In past articles, I have looked into different learning techniques that remove this bottleneck by adapting the network topology automatically. An example for this is the deep-dive into the Cascade-Correlation learning architecture, which iteratively adds and trains new neurons as part of its learning algorithm.

In my last article, I explored another technique called Neuroevolution, a stochastic optimization approach based on evolutionary principles copied from nature. This approach in particular is interesting in the context of creating an artificial general intelligence (AGI) because the same principles created us, i.e. including our brains.
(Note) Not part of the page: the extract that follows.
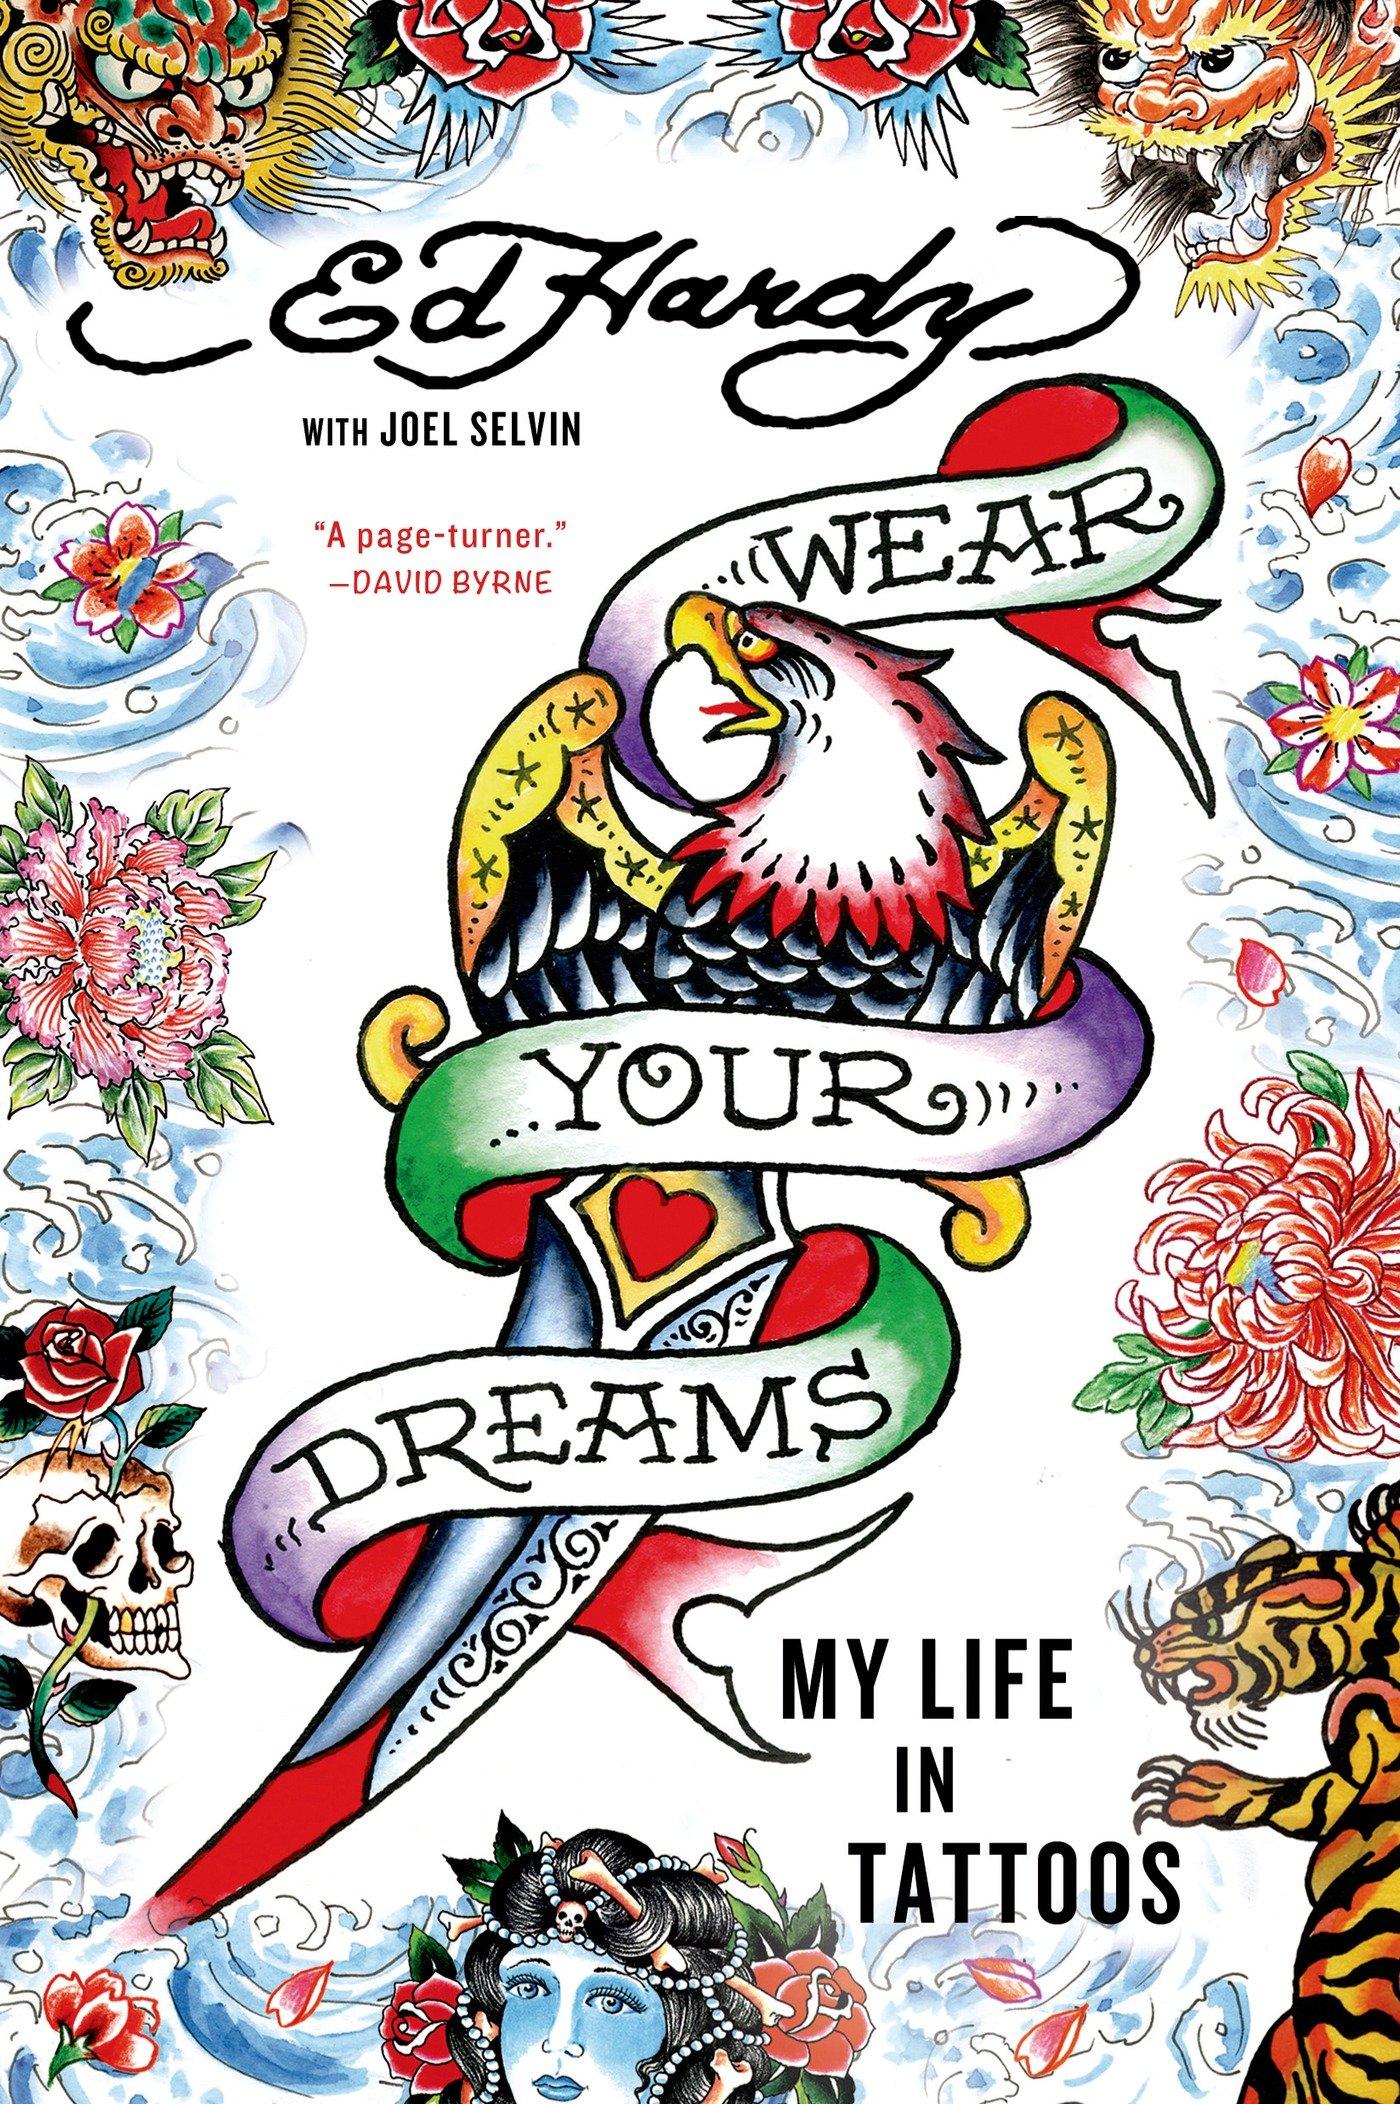 Wear Your Dreams: My Life in Tattoos: Ed Hardy, Joel Selvin: Amazon ...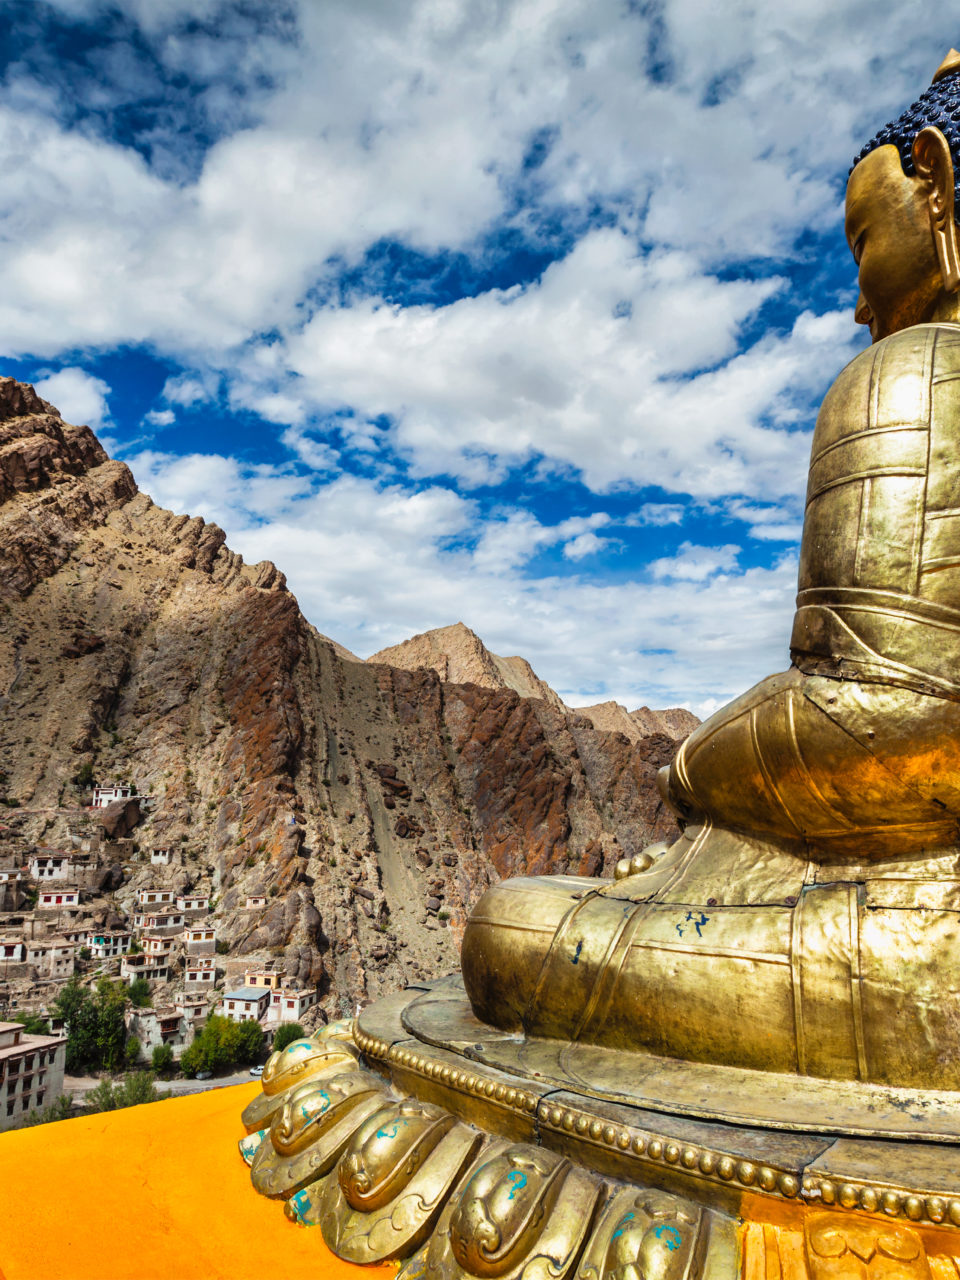 https://www.planetavenue.com/wp-content/uploads/2020/12/buddha-statue-and-hemis-monastery-ladakh-PKG4SG9-960x1280.jpg

In other words, to date, this is the only algorithm known to have the potential for creating an AGI. Yet, how it works is quite simple:

  1. Encode your network in some genetic encoding
  2. Create a set of randomized genomes (i.e. randomized nets)
  3. Express the genes (i.e. re-create the actual network and/or its parameters) and test it on the target problem
  4. Select some of the best performing individuals
  5. Mix them up and introduce changes to their genes (random to a certain degree), creating a new set of genomes, and re-iterate the whole process from step 3

Generally speaking, we want evolutionary process to be stable and exploitative (i.e. slow and local) enough not to loose good solutions again randomly in the process, but also exploratory enough to find good solutions in few generations (as fast as possible).

This can be influenced in part by how the selection of the ‘fittest’ happens, by the algorithms used to introduce random changes to the genome, and, crucially, by the genetic encoding.

From neuroevolution to artifical embryogeny

From what we have looked at in the neuroevolution article, one baffling aspect stood out: As Stanley et al. mention in [1], the genetic encoding can bias evolution in unpredictable ways if it is done indirectly.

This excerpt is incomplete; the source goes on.